The ARC assembly language is visible to the user, and is used for coding general purpose programs. Our micro-assembly language is used for coding firmware, and is not visible to the user. The sole purpose of the firmware is to interpret a user-visible instruction set. A change to the instruction set involves changes to the firmware, whereas a change in user-level software has no influence on the firmware.
Each statement in the microprogram shown in Figure 6-15 is preceded by a decimal number that indicates the address of the corresponding microword in the 2048-word control store. The address is followed by a colon. The operation statements follow the address, and are terminated by semicolons. An optional comment follows the operation field and begins with a slash ‘/.’ The comment terminates at the end of the line. More than one operation is allowed per line, as long as all of the operations can be performed in a single instruction cycle. The ALU operations come from Figure 6-4, and there are a few others as we will see. Note that the 65 statements are shown in logical sequence, rather than in numerical sequence.
Before the microprogram begins execution, the PC is set up with the starting address of a program that has been loaded into the main memory.

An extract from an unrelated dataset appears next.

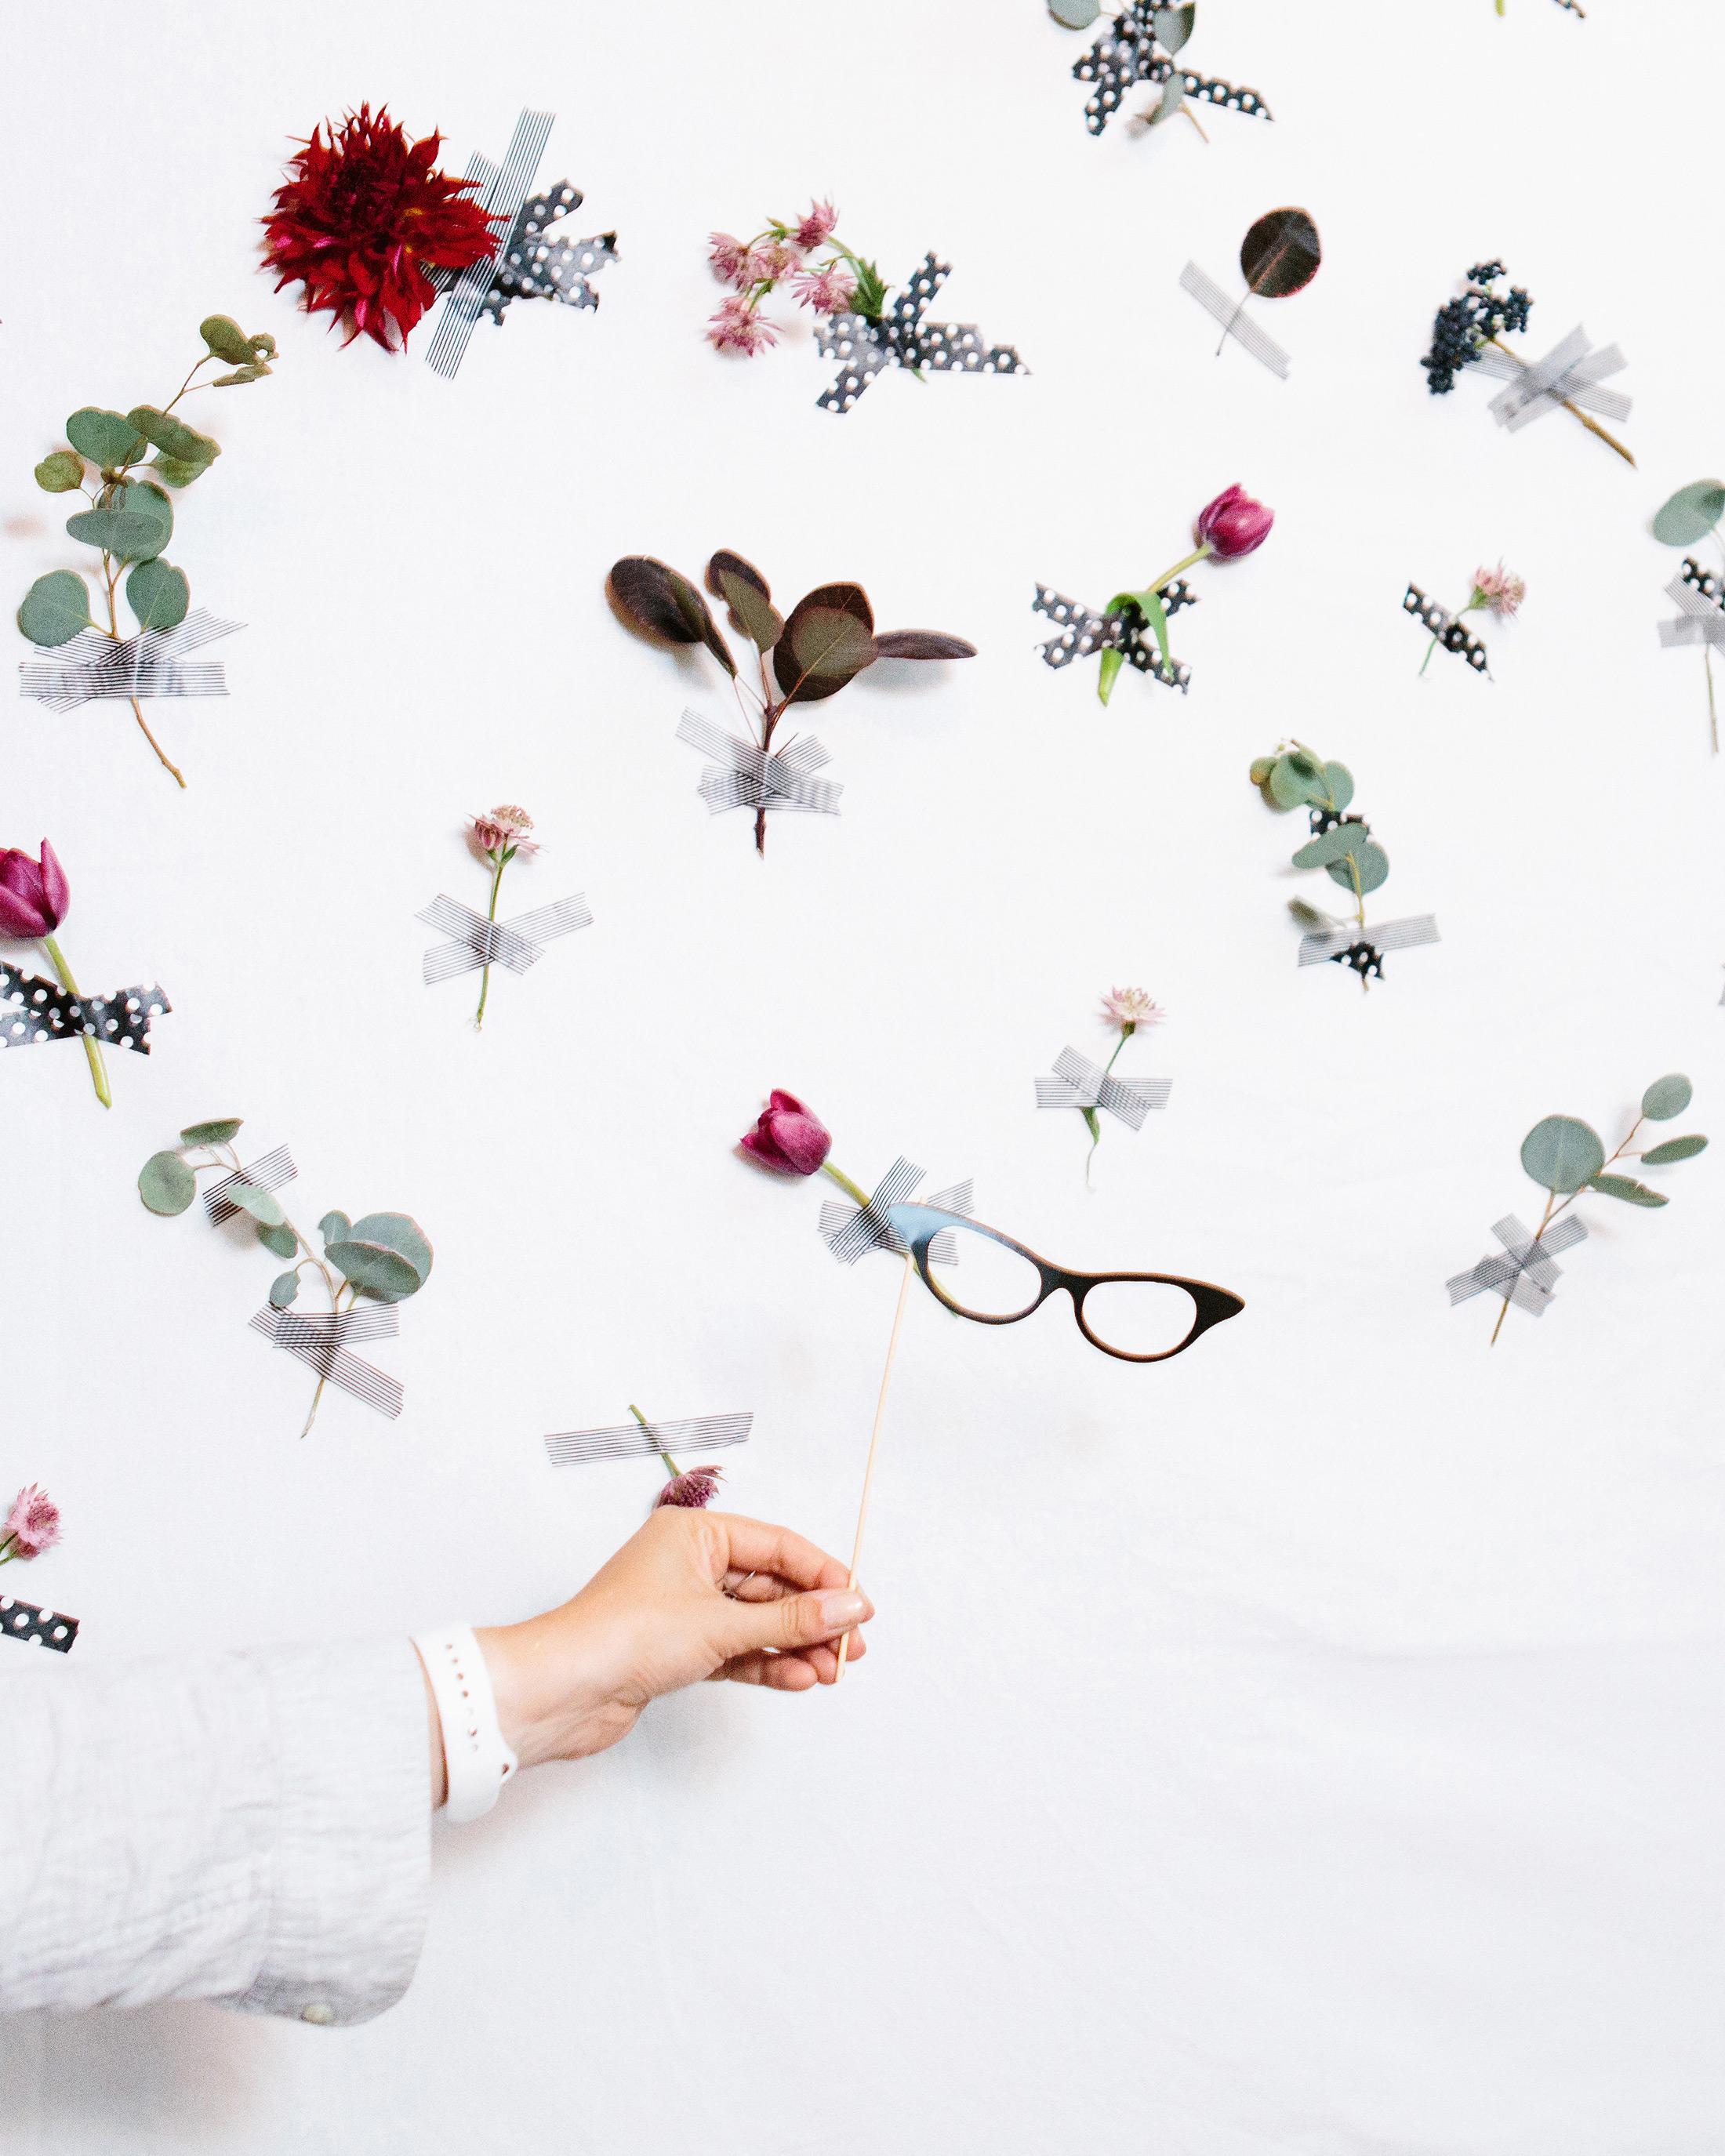 danielle-brian-wedding-flower-wall-1148-s113001-0616.jpg

This may hap- pen as the result of an initialization sequence when the computer is powered on, or by the operating system during the normal course of operation.
The first task in the execution of a user-level program is to bring the instruction pointed to by the PC from the main memory into the IR. Recall from Figure 6-10 that the address lines to main memory are taken from the A bus. In line 0, the PC is loaded onto the A bus, and a Read operation is initiated to memory. The notation “R[x]” means “register x,” in which x is replaced with one of the registers in the datapath, and so “R[1]” means “register %r1,” “R[ir]” means “register %ir,” and “R[rs1]” means the register that appears in the 5-bit rs1 field of an instruction (refer to Figure 6-2.)
The expression “AND(R[pc],R[pc])” simply performs a logical AND of %pc with itself in a literal interpretation. This operation is not very useful in a logical sense, but what we are interested in are the side effects. In order to place %pc onto the A bus, we have to choose an ALU operation that uses the A bus but does not affect the condition codes. There is a host of alternative choices that can be used, and the AND approach is arbitrarily chosen here. Note that the result of the AND operation is discarded because the C bus MUX in Figure 6-10 only allows the data output from main memory onto the C bus during a read operation.
A read operation normally takes more time to complete than the time required for one microinstruction to execute. The access time of main memory can vary depending on the memory organization, as we will see in Chapter 7. In order to account for variations in the access times of memory, the control store address incrementer (CSAI) does not increment the address until an acknowledge (ACK) signal is sent which indicates the memory has completed its operation.
Flow of control within the microprogram defaults to the next higher numbered statement unless a GOTO operation or a DECODE operation is encountered, and so microword 1 (line 1) is read into the MIR on the next cycle. Notice that some of the microcode statements in Figure 6-15 take up more than one line on the page, but are part of a single microinstruction. See, for example, lines 1283 and 1601.
Now that the instruction is in the IR as a result of the read operation in line 0, the next step is to decode the opcode fields. This is performed by taking a 256-way branch into the microcode as indicated by the DECODE keyword in line 1 of the microprogram. The 11-bit pattern for the branch is constructed by appending a 1 to the left of bits 30 and 31 of the IR, followed by bits 19-24 of the IR, followed by the pattern 00. After the opcode fields are decoded, execution of the microcode continues according to which of the 15 ARC instructions is being interpreted.
As an example of how the decode operation works, consider the addcc instruction. According to the Arithmetic instruction format in Figure 6-2, the op field is 10 and the op3 field is 010000. If we append a 1 to the left of the op bit pat- tern, followed by the op3 bit pattern, followed by 00, the DECODE address is 11001000000 = (1600)10. This means that the microinstructions that interpret the addcc instruction begin at control store location 1600.
A number of DECODE addresses should never arise in practice. There is no Arithmetic instruction that corresponds to the invalid op3 field 111111, but if this situation does arise, possibly due to an errant program, then a microstore routine should be placed at the corresponding DECODE address 11011111100 = (1788)10 in order to deal with the illegal instruction. These locations are left blank in the microprogram shown in Figure 6-15.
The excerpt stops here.